Their explainer says they are not partitioning cookies for now. I can confirm that central autologin still (sometimes) works on M-115.

This seems to be affecting Google Chrome (and other Chromium derivatives like Microsoft Edge) as well (probably due to implementation of the client-side storage partitioning feature since M-115). Maybe we could opt-in to the deprecation trial for the same as a temporary solution ?

Their explainer says they are not partitioning cookies for now. I can confirm that central autologin still (sometimes) works on M-115.

Ah shoot, it appears I have enabled the option to remove third-party cookies at chrome://settings/cookies due to some privacy sandbox configurations :( Sorry for the false alarm :(

It also says, sadly,

We also considered using the First-Party Sets (FPS) of the top-level document instead. It has been suggested, however, that FPS should not be used as a security boundary. This was discussed in the context of http cache, but the same security concerns exist in quota managed storage and service workers.
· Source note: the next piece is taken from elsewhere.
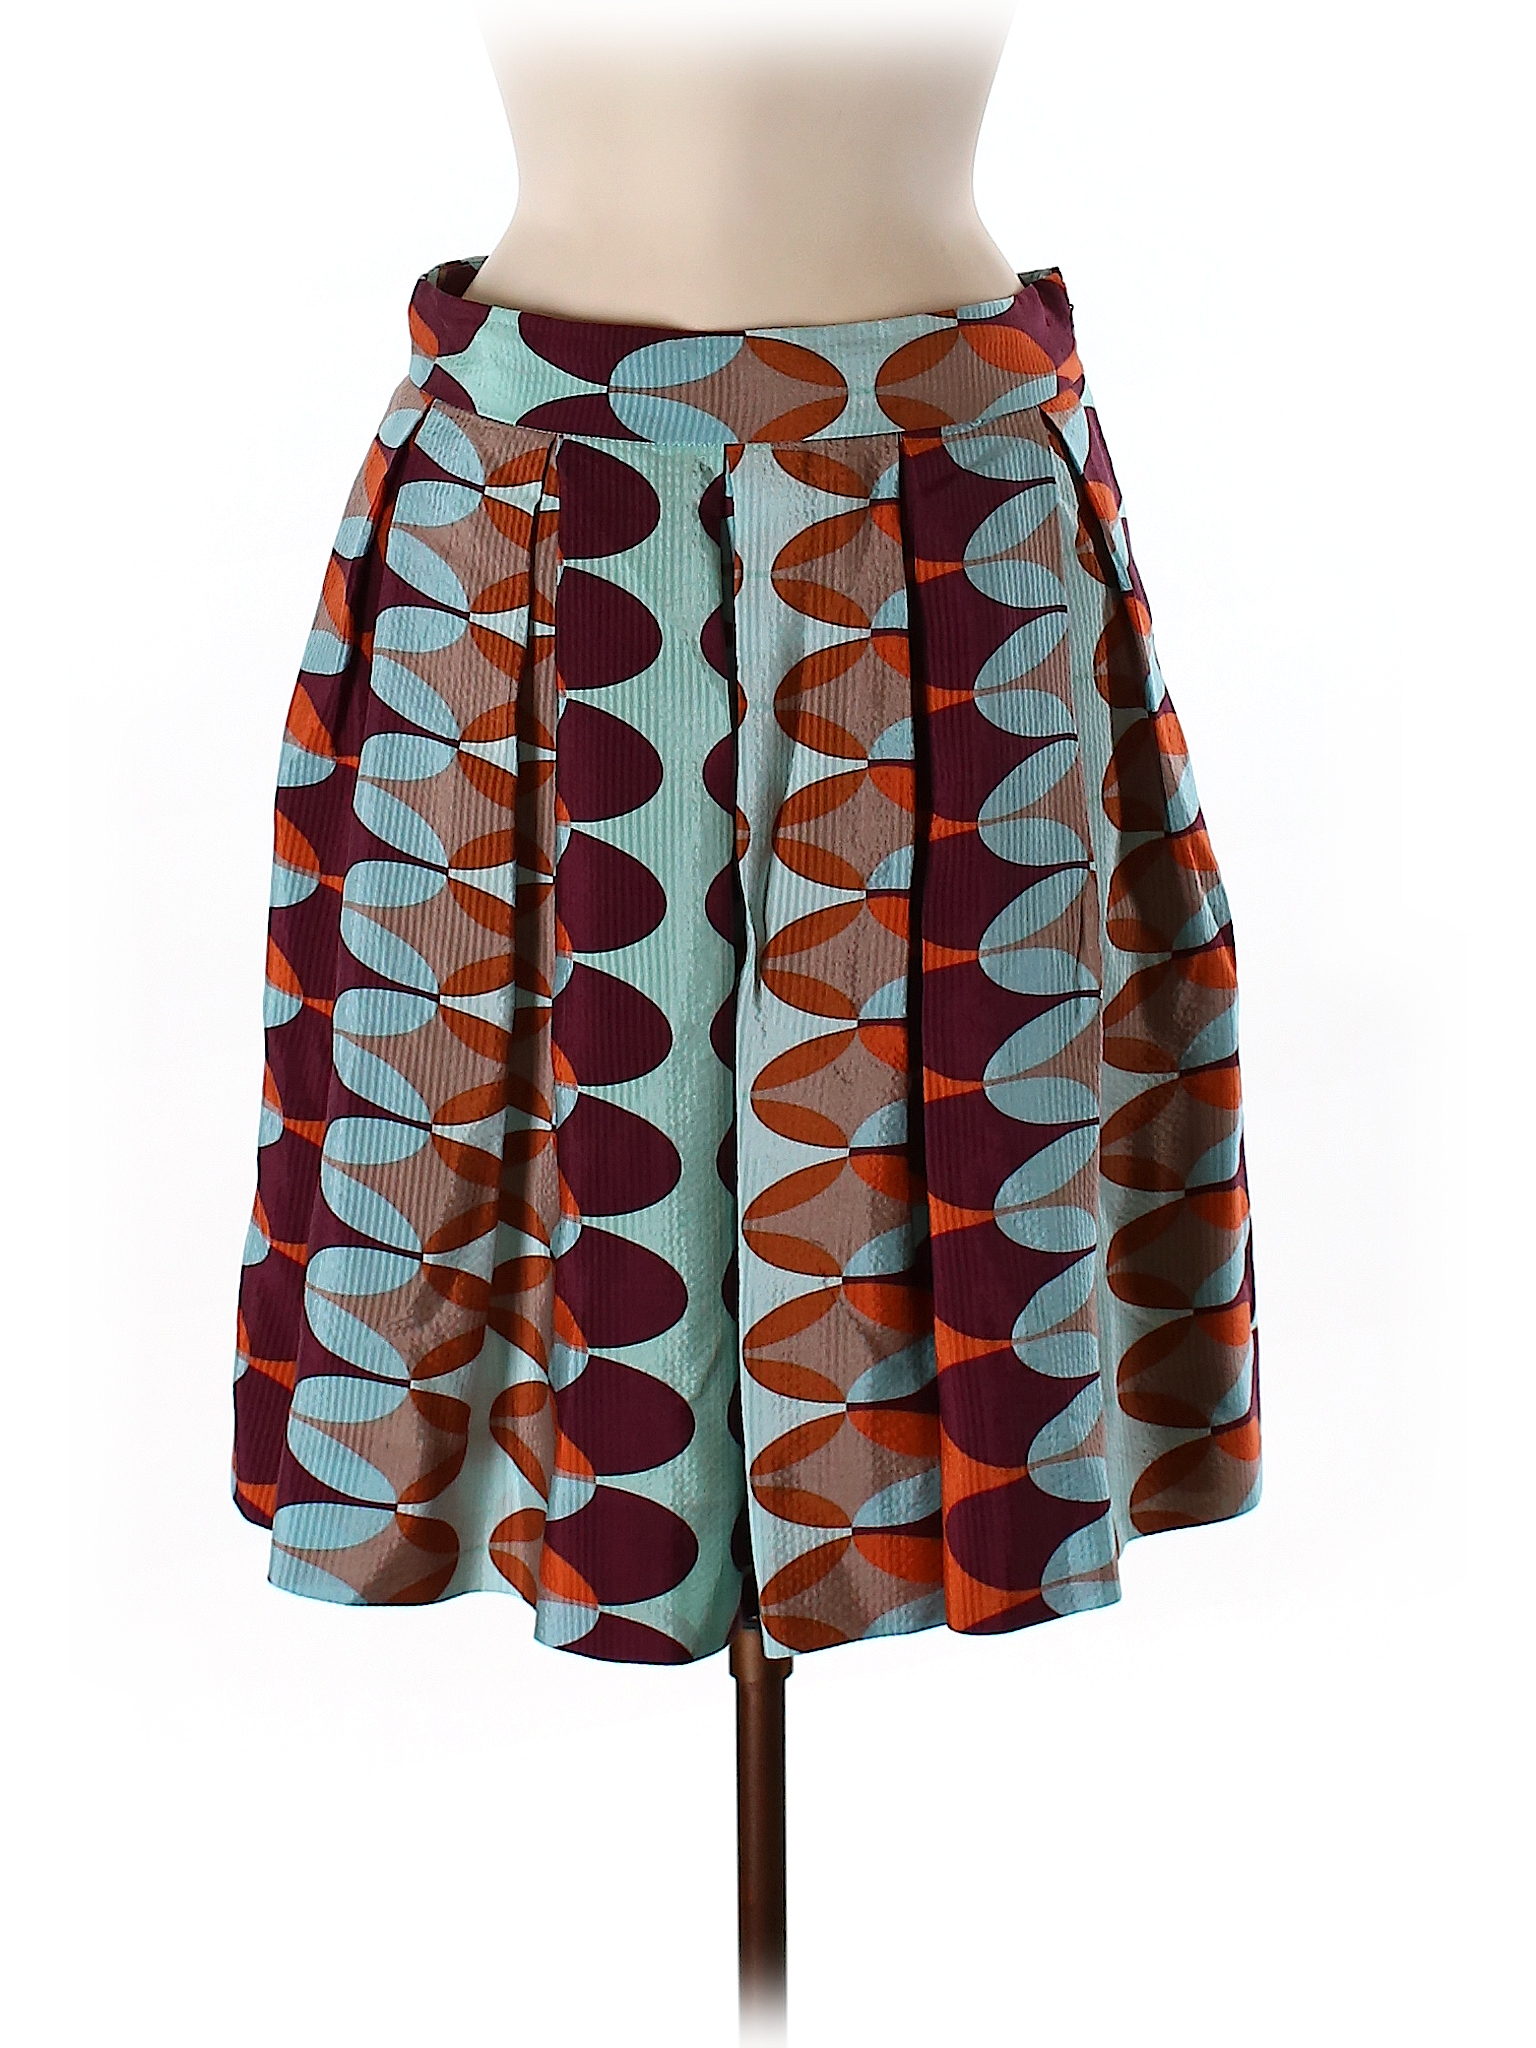 HD in Paris Print Light Blue Casual Skirt Size 6 - 78% off | thredUP

Therefore we have chosen not to partition by FPS for now.

I was hoping we could use first-party sets to prolong CentralAuth's life but none of the major browser vendors seem to be supportive of that kind of usage.
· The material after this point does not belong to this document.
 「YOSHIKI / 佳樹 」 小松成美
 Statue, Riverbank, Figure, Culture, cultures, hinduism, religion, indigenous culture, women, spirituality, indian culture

I'll close this to reduce the number of CentralAuth cookie blocking related tasks. The issue was somewhat mitigated in T326281: Attempt top-level central autologin when visiting the login page (to allow autologin when the browser blocks third-party cookies), although I wouldn't call it fixed; but the issue is already covered in detail in T345249: Mitigate phase-out of third-party cookies in CentralAuth. I have copied over the comments with relevant information.